# Need some men's thoughts...



## kellmar (Feb 1, 2010)

Hello, my husband and I are married for 16 yrs. The other day I found some nude pics of women on his cell phone sent to him by some guy friends. He tells me that it's nothing anddeletes the pics. I still got upset and told him my friends would never send me pics of naked guys knowing I am married and out of respect for our marriage. I also told him that's not what married men do. He got mad in return and then told me he 's a grown man and doesn't owe an explanation to anyone. We have not been getting along well since. Do you think I over reacted or do you think he was wrong in looking at those pics and his response? TIA


----------



## dwaynewilliams (Feb 1, 2010)

kellmar said:


> Hello, my husband and I are married for 16 yrs. The other day I found some nude pics of women on his cell phone sent to him by some guy friends. He tells me that it's nothing anddeletes the pics. I still got upset and told him my friends would never send me pics of naked guys knowing I am married and out of respect for our marriage. I also told him that's not what married men do. He got mad in return and then told me he 's a grown man and doesn't owe an explanation to anyone. We have not been getting along well since. Do you think I over reacted or do you think he was wrong in looking at those pics and his response? TIA


You are taking it a little too hard. One thing women must learn about men is that we bond differently with each other. We don't talk about our feelings with each other. We don't discuss our most intimate thoughts with each other. We play/or watch sports and send each other pornographic pics of hot women. It isn't meant to be disrespectful, its just something that we do. Plus, your husband deleted the pics so what's the bug deal. After 16 years, I would have thought that you would let that one slide off your back.
_Posted via Mobile Device_


----------



## seeking sanity (Oct 20, 2009)

Yes, you over reacted. Assuming the pics are just some emails forwarded from buddies, then yes. Guy's look at naked women pictures. It's abnormal NOT to do that. You can choose to take offense to it, and make it a moral issue or whatever it is you find so hurtful, but underneath it, guys just sometimes want to piggish with other guys. Tell dirty jokes, ***** about women, swap silly emails. It's a release value from the stress of marriage, family, responsibility.


----------



## iWonder (Jan 2, 2010)

I tend to agree it is likely nothing. He may not solicit, or even appreciate, they send him this stuff. Once this stuff gets in the loop it seems to just keep getting passed on to others.


----------



## Bemmer Nut (Feb 9, 2010)

I wouldn't think too much of this. One of my cousins emailed me some disgusting photos of nude women several moths ago. I wasn't proud of them, though I foolishly didn't remove them. My wife discovered them, and confronted me about it. It blew over quickly.

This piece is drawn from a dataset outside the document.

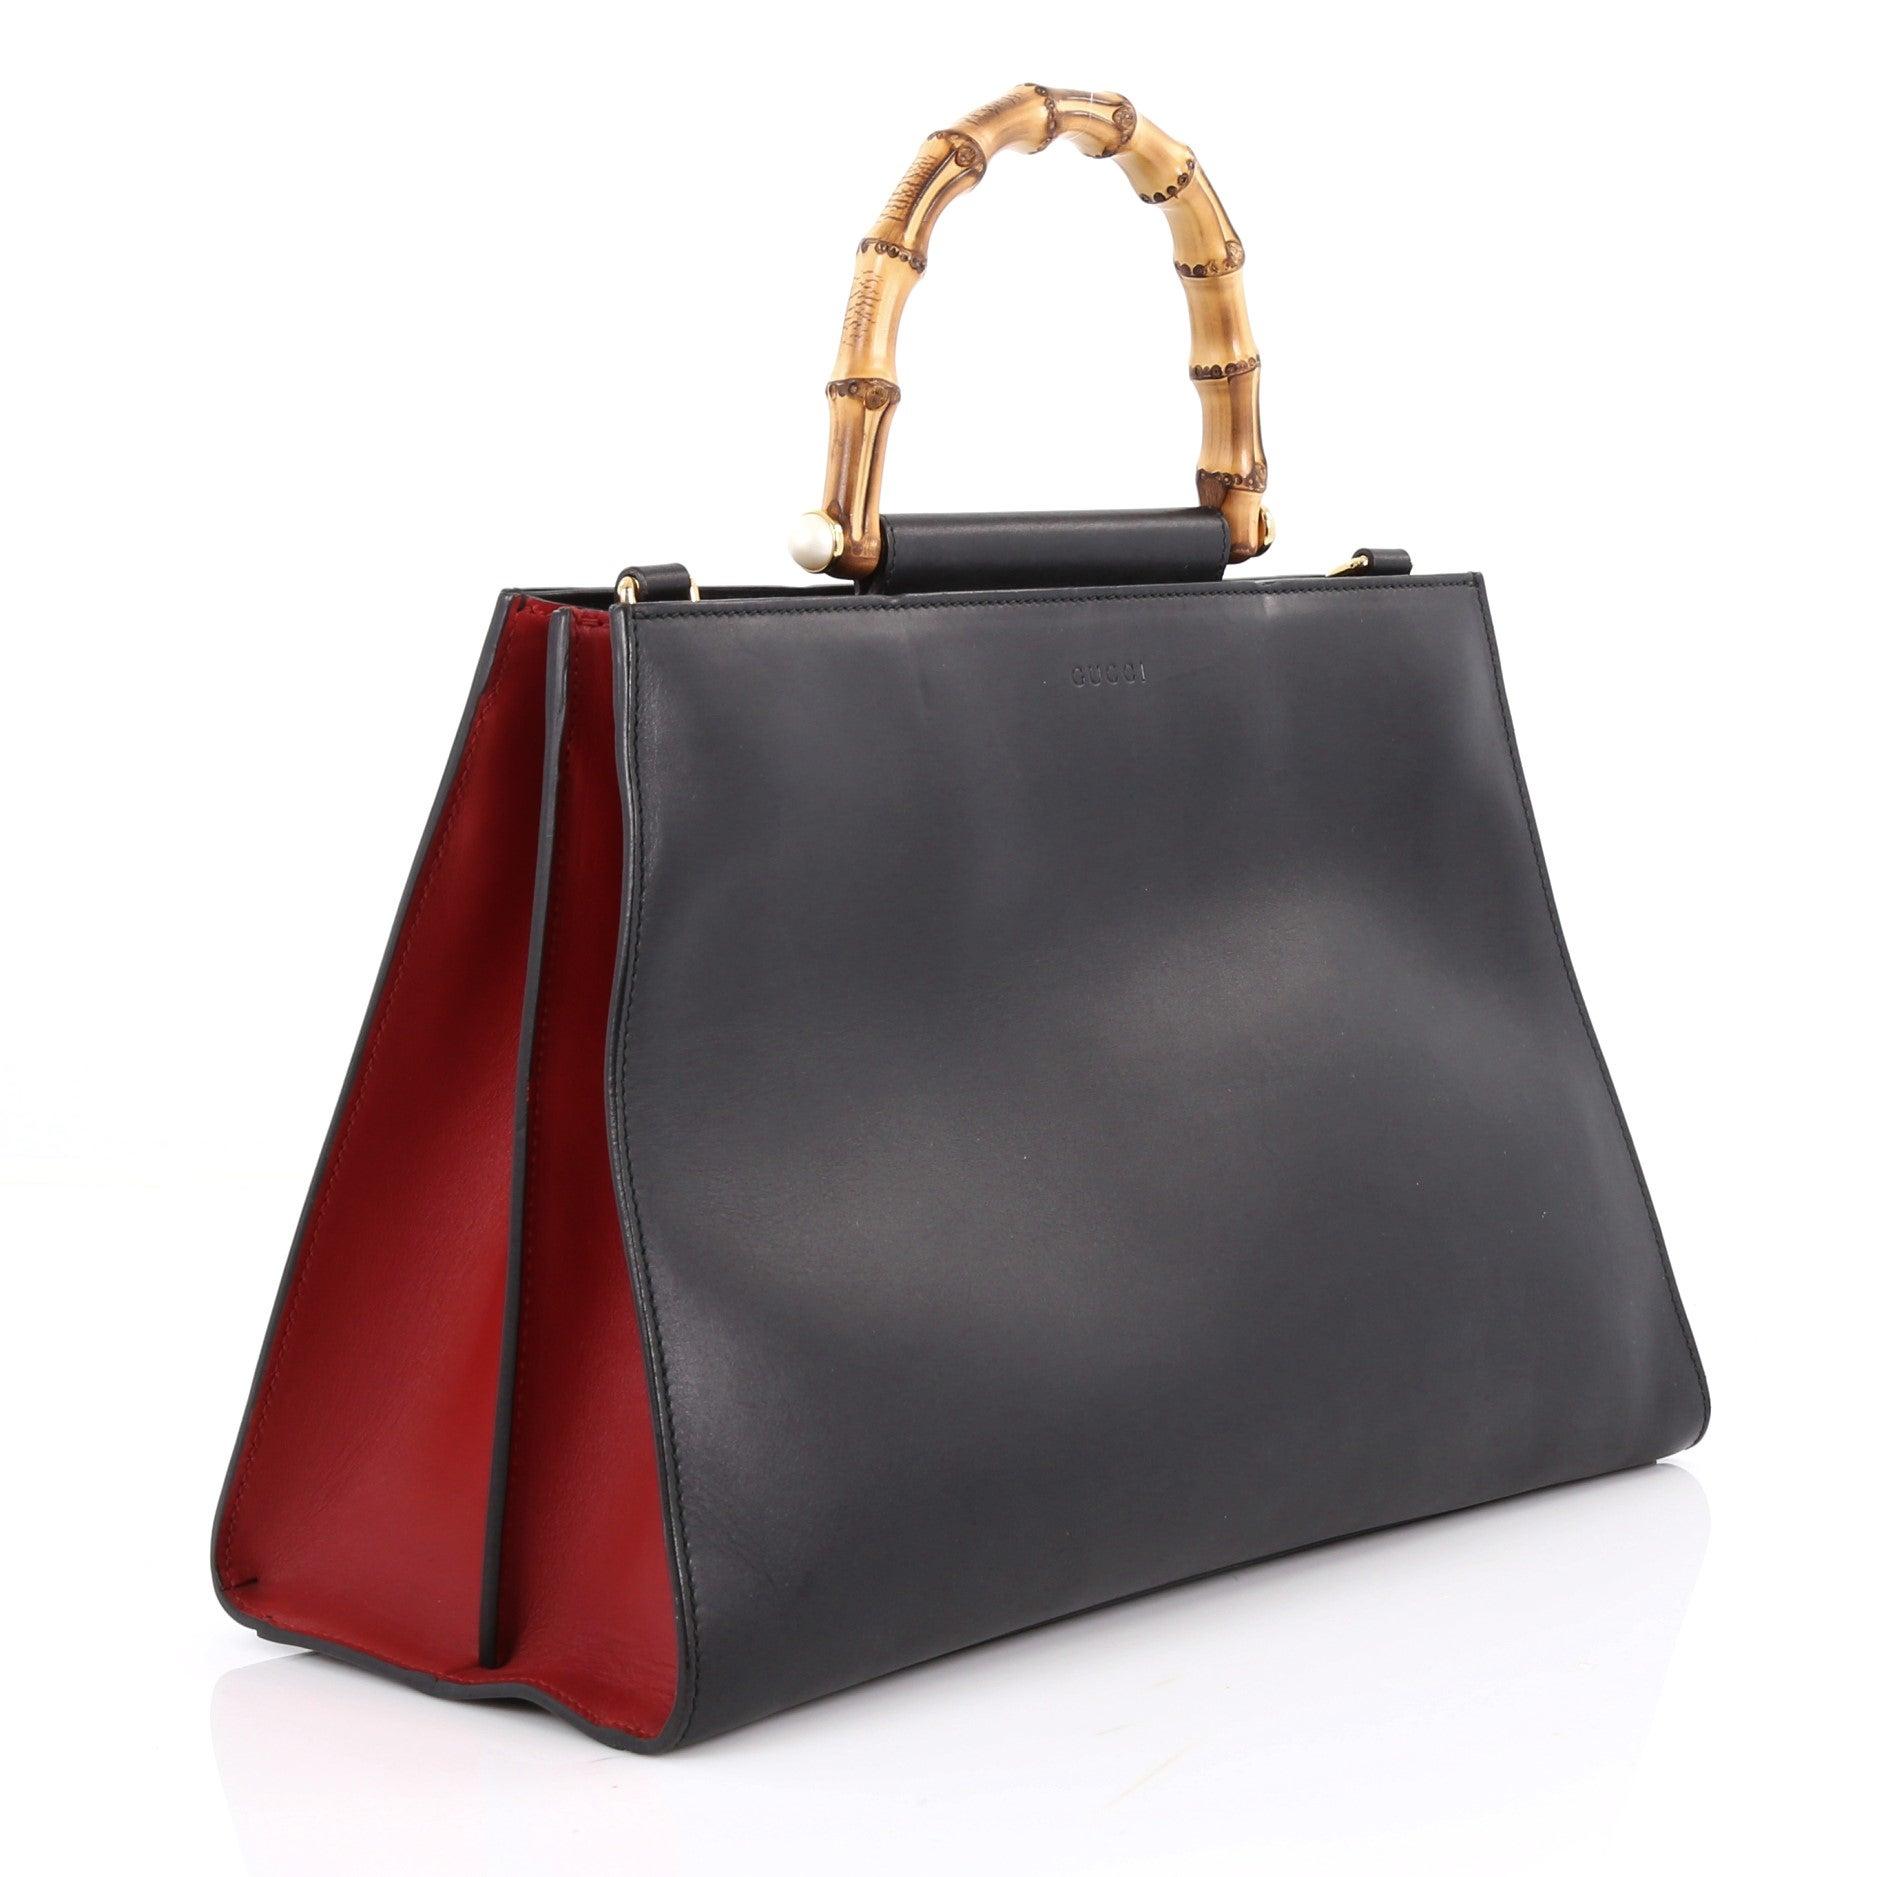 d63faf59cbc Gucci Nymphaea Top Handle Bag Leather Medium at 1stdibs

Just because this happened does not mean your husband is not happy with you.


----------



## TNgirl232 (Oct 5, 2008)

Girls view  - My husband friend sends him stuff like that all the time (some of it is truly disgusting) - trying to get him to laugh at it. I know about it, have seen some of it...I don't have an issue. Of course I don't have an issue with strip clubs or porn... so maybe I'm not a 'normal' wife


----------



## Butters (Feb 15, 2010)

kellmar said:


> He Do you think I over reacted or do you think he was wrong in looking at those pics and his response? TIA


Yes, I think you over-reacted. Men are visual; women are emotional. To guys, it's a relatively harmless "hey, look at THIS one I found!", kind of thing. Now I do understand that (most) women just don't/wouldn't understand this, but it Really Doesn't Mean Anything.


----------